Every line in the records below between the one holding "Jean Paul Gaultier" and the one holding "Na Lovestream festival", inclusive, is to be set down exactly; all other lines are to be left out.

Top of Supplied material

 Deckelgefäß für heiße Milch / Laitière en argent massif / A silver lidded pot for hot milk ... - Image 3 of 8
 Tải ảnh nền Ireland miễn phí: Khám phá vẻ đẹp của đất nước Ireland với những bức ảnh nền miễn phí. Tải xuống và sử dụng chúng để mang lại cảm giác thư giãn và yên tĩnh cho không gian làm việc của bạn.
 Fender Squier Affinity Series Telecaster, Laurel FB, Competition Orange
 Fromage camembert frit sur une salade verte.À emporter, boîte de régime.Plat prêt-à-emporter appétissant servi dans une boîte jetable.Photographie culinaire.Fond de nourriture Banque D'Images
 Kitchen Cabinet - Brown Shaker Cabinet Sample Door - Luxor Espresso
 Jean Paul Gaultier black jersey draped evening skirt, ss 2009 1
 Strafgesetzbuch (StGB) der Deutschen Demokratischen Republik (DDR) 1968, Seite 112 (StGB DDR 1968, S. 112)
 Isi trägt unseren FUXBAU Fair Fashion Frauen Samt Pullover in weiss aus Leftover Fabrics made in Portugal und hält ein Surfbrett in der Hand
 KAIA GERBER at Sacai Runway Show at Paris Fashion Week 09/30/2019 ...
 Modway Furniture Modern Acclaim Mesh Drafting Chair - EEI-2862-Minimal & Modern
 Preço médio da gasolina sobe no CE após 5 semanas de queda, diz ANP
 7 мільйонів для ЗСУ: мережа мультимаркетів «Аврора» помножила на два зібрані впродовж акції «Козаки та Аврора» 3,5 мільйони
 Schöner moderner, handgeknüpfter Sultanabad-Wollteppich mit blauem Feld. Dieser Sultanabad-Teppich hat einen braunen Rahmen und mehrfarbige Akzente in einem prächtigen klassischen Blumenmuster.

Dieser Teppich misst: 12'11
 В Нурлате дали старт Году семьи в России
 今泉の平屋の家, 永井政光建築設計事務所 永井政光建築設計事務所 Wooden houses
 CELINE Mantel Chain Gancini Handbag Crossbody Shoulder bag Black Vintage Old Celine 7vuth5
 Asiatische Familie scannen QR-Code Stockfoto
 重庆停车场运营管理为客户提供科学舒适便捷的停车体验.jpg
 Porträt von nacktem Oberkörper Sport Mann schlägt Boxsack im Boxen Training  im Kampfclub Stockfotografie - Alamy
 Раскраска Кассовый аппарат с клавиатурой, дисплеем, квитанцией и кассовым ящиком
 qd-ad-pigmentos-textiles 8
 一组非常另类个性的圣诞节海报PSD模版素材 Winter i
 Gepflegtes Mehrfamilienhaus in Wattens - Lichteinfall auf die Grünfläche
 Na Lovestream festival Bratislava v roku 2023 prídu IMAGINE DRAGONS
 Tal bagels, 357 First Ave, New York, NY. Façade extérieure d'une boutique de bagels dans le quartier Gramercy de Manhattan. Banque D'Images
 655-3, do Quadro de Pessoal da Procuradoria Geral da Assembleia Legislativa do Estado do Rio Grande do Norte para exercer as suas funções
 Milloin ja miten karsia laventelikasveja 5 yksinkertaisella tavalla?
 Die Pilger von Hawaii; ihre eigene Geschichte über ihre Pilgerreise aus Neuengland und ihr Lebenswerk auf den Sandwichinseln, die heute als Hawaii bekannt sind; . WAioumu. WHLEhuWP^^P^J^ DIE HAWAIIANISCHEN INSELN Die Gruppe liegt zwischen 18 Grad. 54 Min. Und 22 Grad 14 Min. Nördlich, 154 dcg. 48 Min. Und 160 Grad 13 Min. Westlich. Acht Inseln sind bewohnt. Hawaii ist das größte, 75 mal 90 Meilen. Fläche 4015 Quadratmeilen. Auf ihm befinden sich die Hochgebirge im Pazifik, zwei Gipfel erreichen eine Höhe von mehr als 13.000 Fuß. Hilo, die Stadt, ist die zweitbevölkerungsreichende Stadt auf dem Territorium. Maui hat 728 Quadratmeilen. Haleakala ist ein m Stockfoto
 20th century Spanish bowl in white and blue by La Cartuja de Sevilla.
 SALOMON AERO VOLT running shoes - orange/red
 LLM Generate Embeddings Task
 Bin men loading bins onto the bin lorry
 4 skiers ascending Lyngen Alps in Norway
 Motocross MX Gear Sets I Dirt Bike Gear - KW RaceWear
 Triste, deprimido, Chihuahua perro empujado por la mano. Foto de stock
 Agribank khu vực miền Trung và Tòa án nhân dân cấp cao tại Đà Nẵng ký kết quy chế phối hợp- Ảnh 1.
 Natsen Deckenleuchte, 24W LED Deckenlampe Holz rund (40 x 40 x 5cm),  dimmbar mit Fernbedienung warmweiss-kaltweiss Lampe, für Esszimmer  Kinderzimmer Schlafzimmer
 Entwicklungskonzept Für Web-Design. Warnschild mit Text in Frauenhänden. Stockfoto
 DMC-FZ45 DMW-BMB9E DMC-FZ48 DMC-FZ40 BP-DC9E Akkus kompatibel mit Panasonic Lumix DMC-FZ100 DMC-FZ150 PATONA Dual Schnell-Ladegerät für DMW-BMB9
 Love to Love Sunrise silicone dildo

Bottom of Supplied material

### Final answer
 Jean Paul Gaultier black jersey draped evening skirt, ss 2009 1
 Strafgesetzbuch (StGB) der Deutschen Demokratischen Republik (DDR) 1968, Seite 112 (StGB DDR 1968, S. 112)
 Isi trägt unseren FUXBAU Fair Fashion Frauen Samt Pullover in weiss aus Leftover Fabrics made in Portugal und hält ein Surfbrett in der Hand
 KAIA GERBER at Sacai Runway Show at Paris Fashion Week 09/30/2019 ...
 Modway Furniture Modern Acclaim Mesh Drafting Chair - EEI-2862-Minimal & Modern
 Preço médio da gasolina sobe no CE após 5 semanas de queda, diz ANP
 7 мільйонів для ЗСУ: мережа мультимаркетів «Аврора» помножила на два зібрані впродовж акції «Козаки та Аврора» 3,5 мільйони
 Schöner moderner, handgeknüpfter Sultanabad-Wollteppich mit blauem Feld. Dieser Sultanabad-Teppich hat einen braunen Rahmen und mehrfarbige Akzente in einem prächtigen klassischen Blumenmuster.

Dieser Teppich misst: 12'11
 В Нурлате дали старт Году семьи в России
 今泉の平屋の家, 永井政光建築設計事務所 永井政光建築設計事務所 Wooden houses
 CELINE Mantel Chain Gancini Handbag Crossbody Shoulder bag Black Vintage Old Celine 7vuth5
 Asiatische Familie scannen QR-Code Stockfoto
 重庆停车场运营管理为客户提供科学舒适便捷的停车体验.jpg
 Porträt von nacktem Oberkörper Sport Mann schlägt Boxsack im Boxen Training  im Kampfclub Stockfotografie - Alamy
 Раскраска Кассовый аппарат с клавиатурой, дисплеем, квитанцией и кассовым ящиком
 qd-ad-pigmentos-textiles 8
 一组非常另类个性的圣诞节海报PSD模版素材 Winter i
 Gepflegtes Mehrfamilienhaus in Wattens - Lichteinfall auf die Grünfläche
 Na Lovestream festival Bratislava v roku 2023 prídu IMAGINE DRAGONS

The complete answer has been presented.